The truth is: If we know the actual number of items, we can allocate an array to the right size and use it. If we are guessing, we must use something that works, even if it is not perfect.

By doubling the array length we may keep many unused items at the end. Yet, you may try to multiply its size by 3, by 1.5 or any value that works for you. I used the value two because this is the same value used by .NET. Feel free to try different amounts.

Doubling the Length is violated

Not everything is a rule. Doubling the array length when resizing on Add calls doesn't mean we do the same on AddRange calls. In that case, if a resize is needed, the exact final count is used as the resize size. If we are going to call AddRange many times, we may face the same problem the naive implementation had: Too many resizes will be necessary.

For example, imagine that each AddRange is receiving a collection with only one item. It would be effectively doing the same thing as an Add... yet, it will be doing a resize per call. Maybe the best way to go would be to keep doubling the size until we reached a value big enough to hold all the items. It would keep the rule used by normal adds with all the pros and cons, and will still keep AddRange's advantage of doing a single resize.

Why didn't I do that?
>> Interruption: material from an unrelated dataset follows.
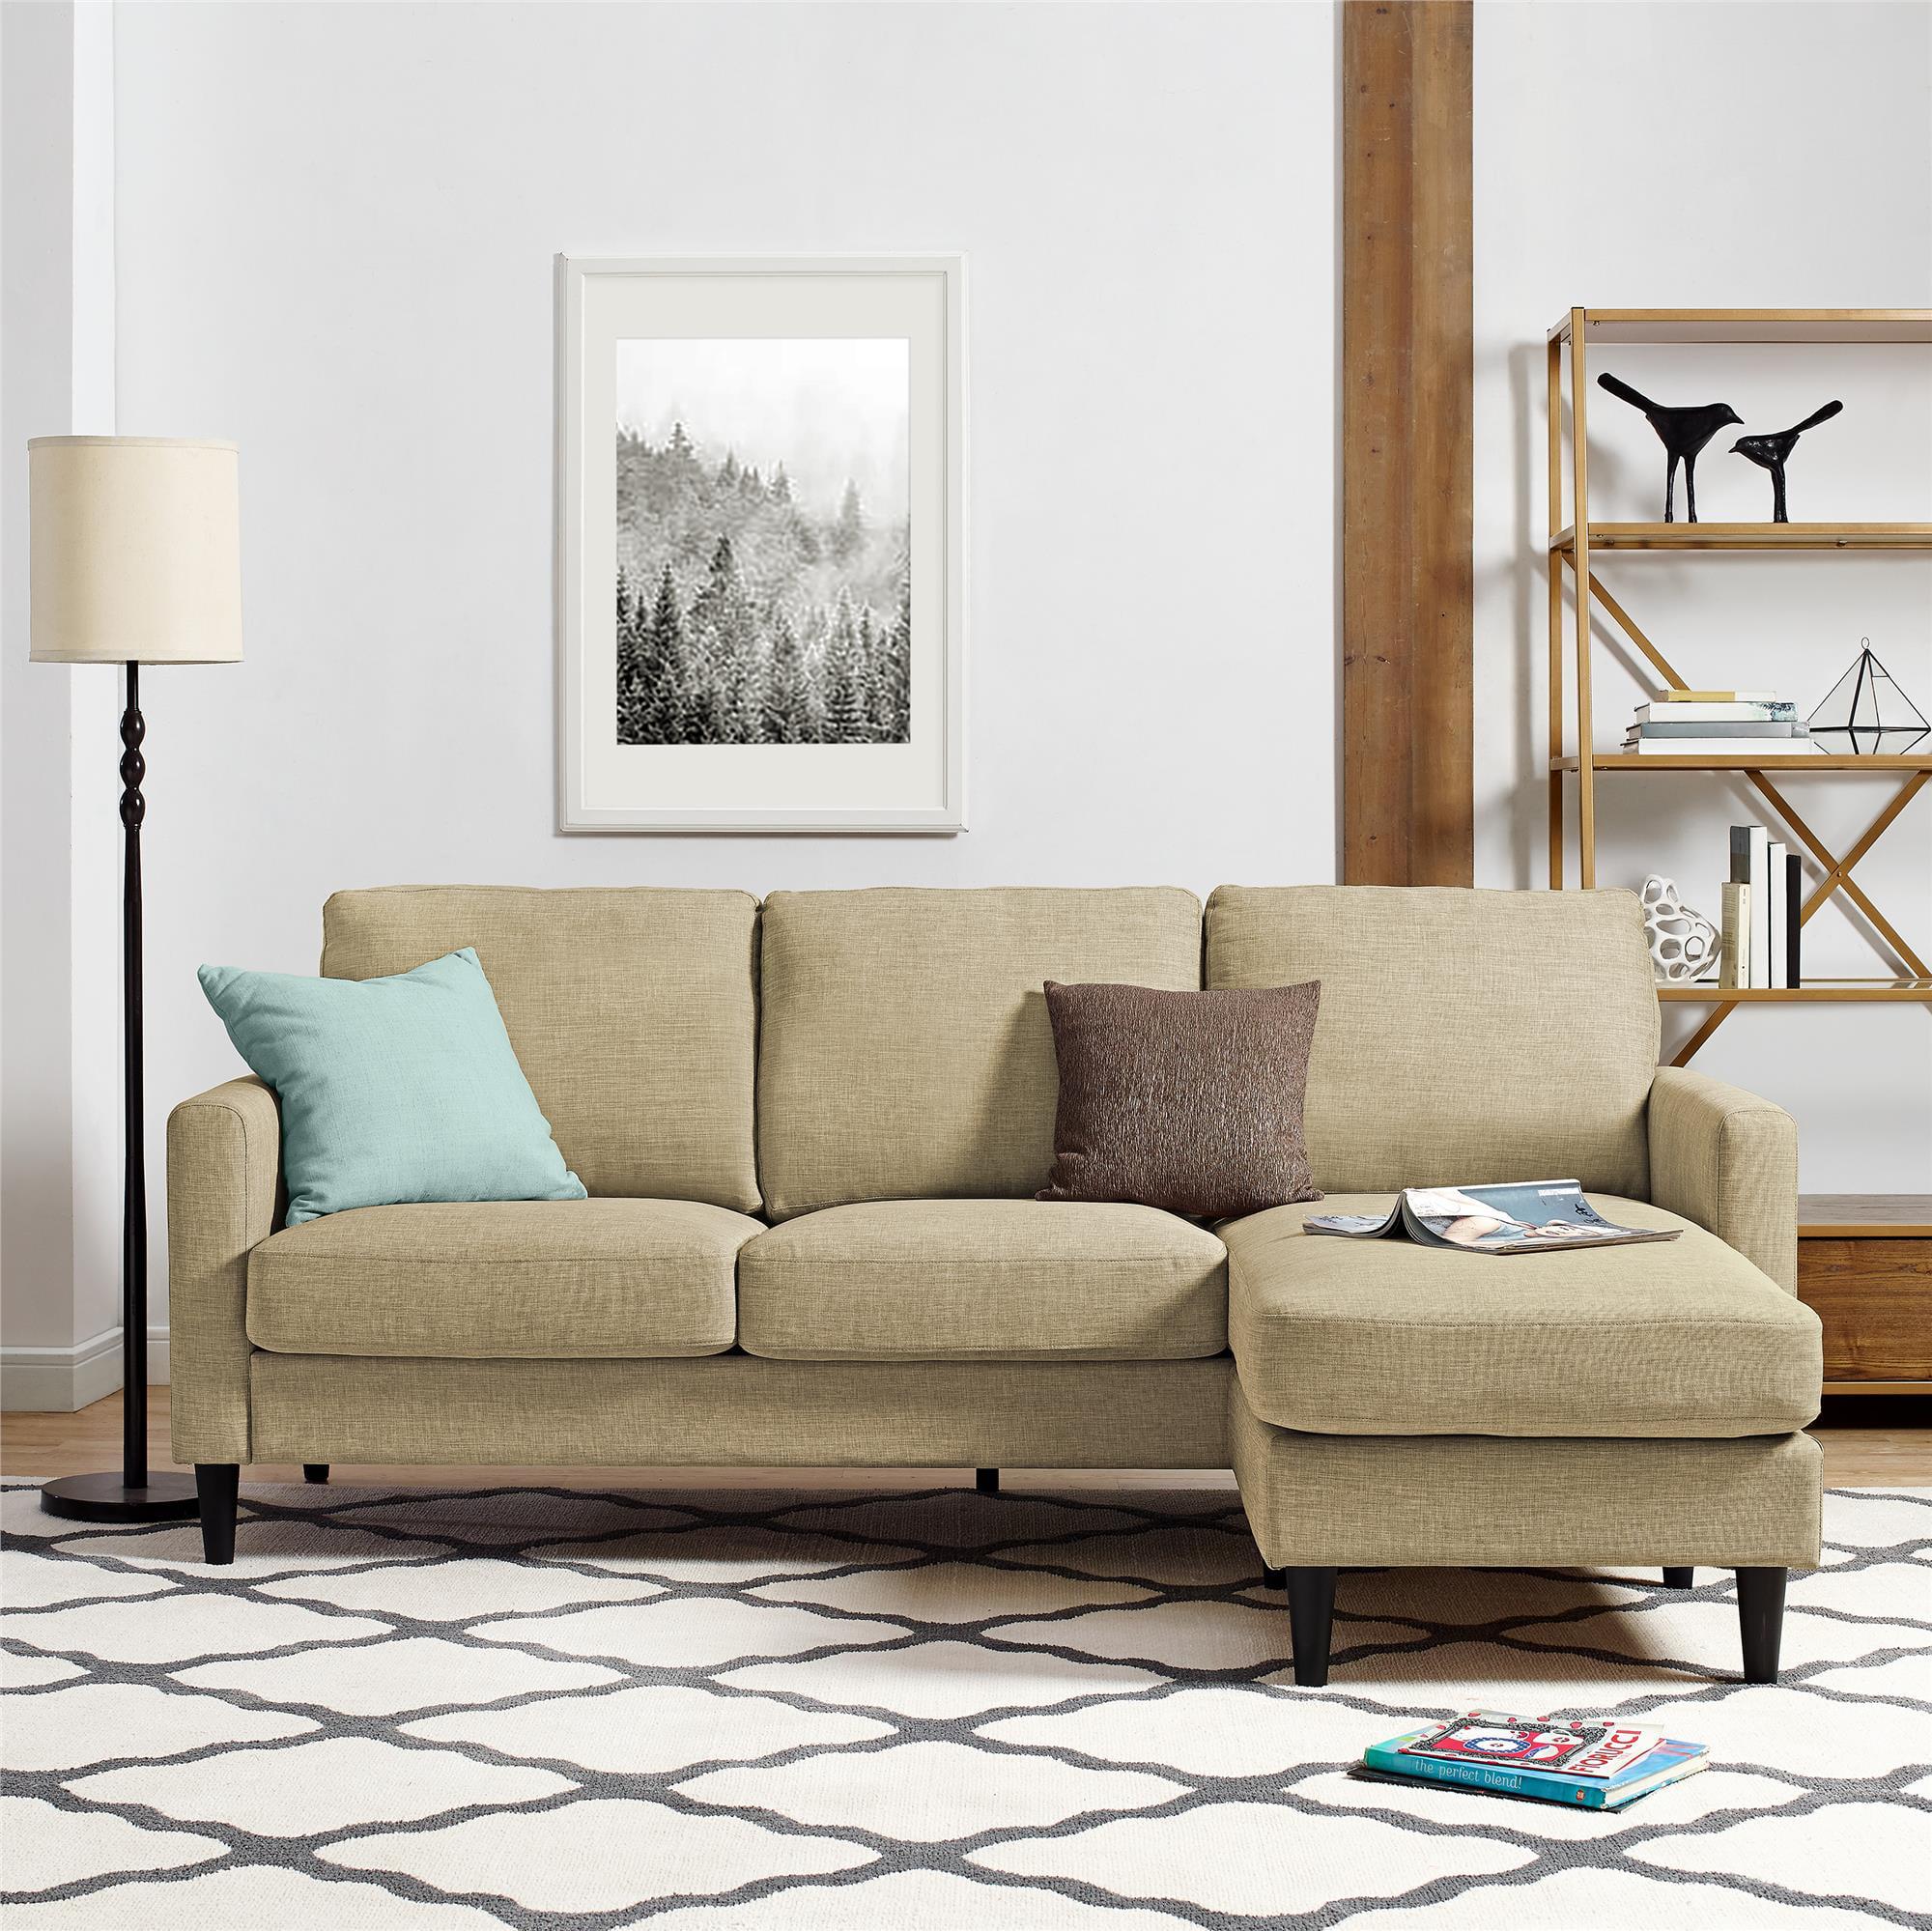 Dorel Living Kaci Sectional, Reversible, Multiple Colors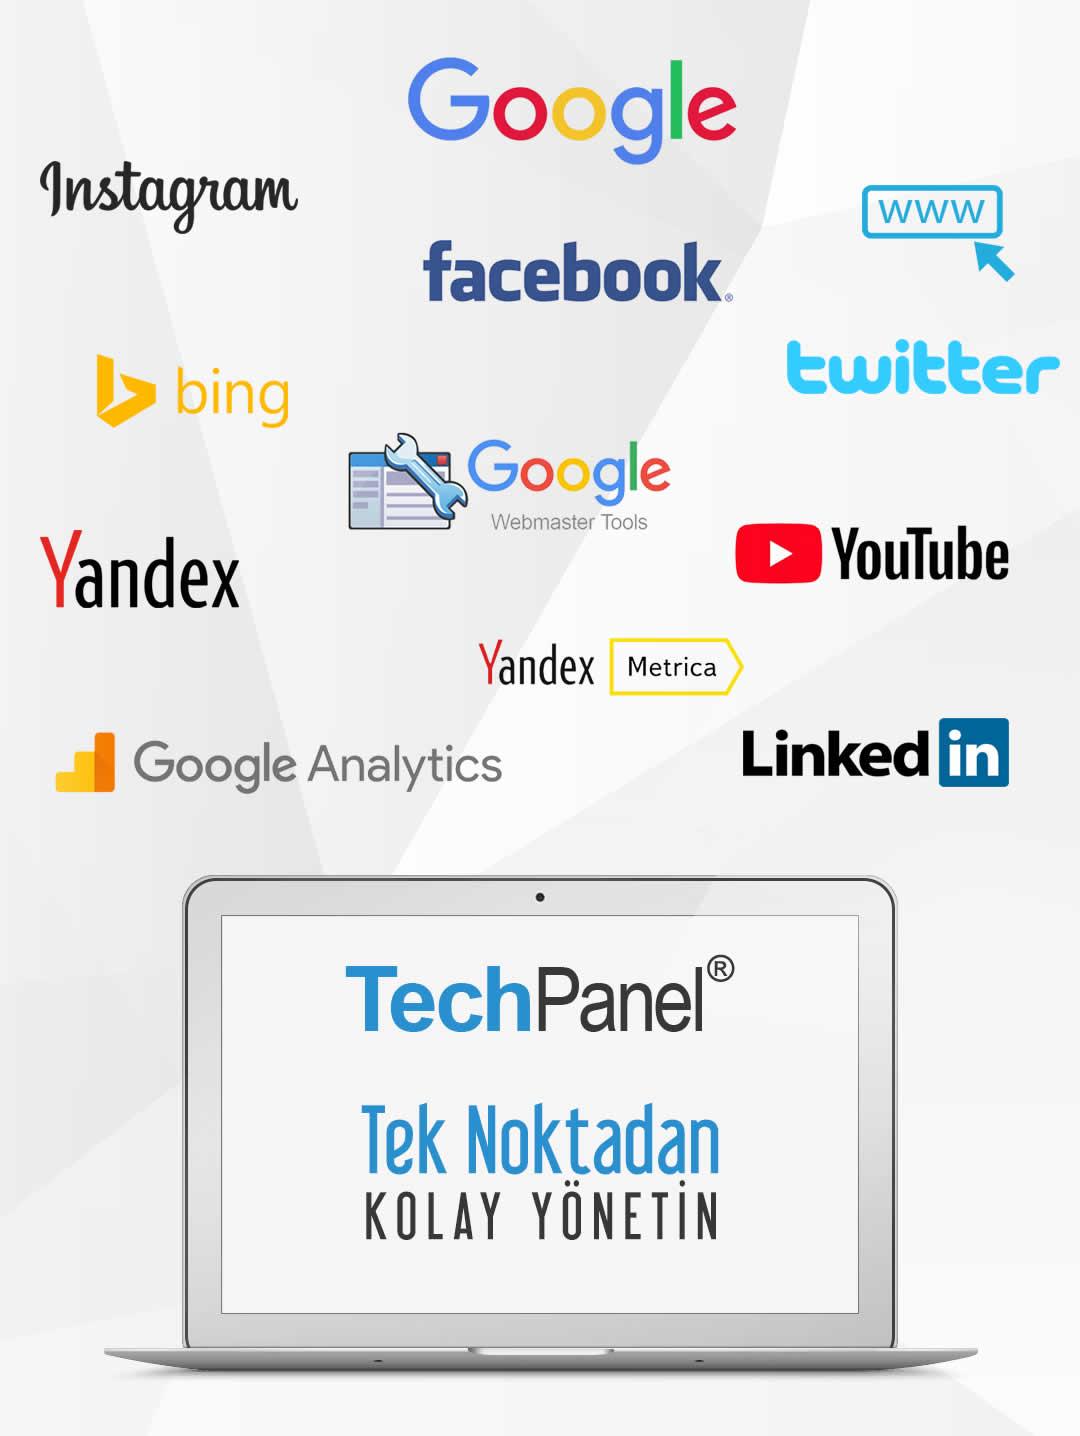 Techpanel

Well... I was following what the .NET list does. Also, there's a big chance that users will call AddRange only once, so maybe this decision is the best one. That doesn't happen with the Add method, which is expected to be invoked many times.

Conclusion

I think this article shows how a simple to use and small class like a list can be quite complex in its development, full of small but very important considerations ranging from performance and memory consumption to configurability.

Hope you like and create your own implementation to better understand it.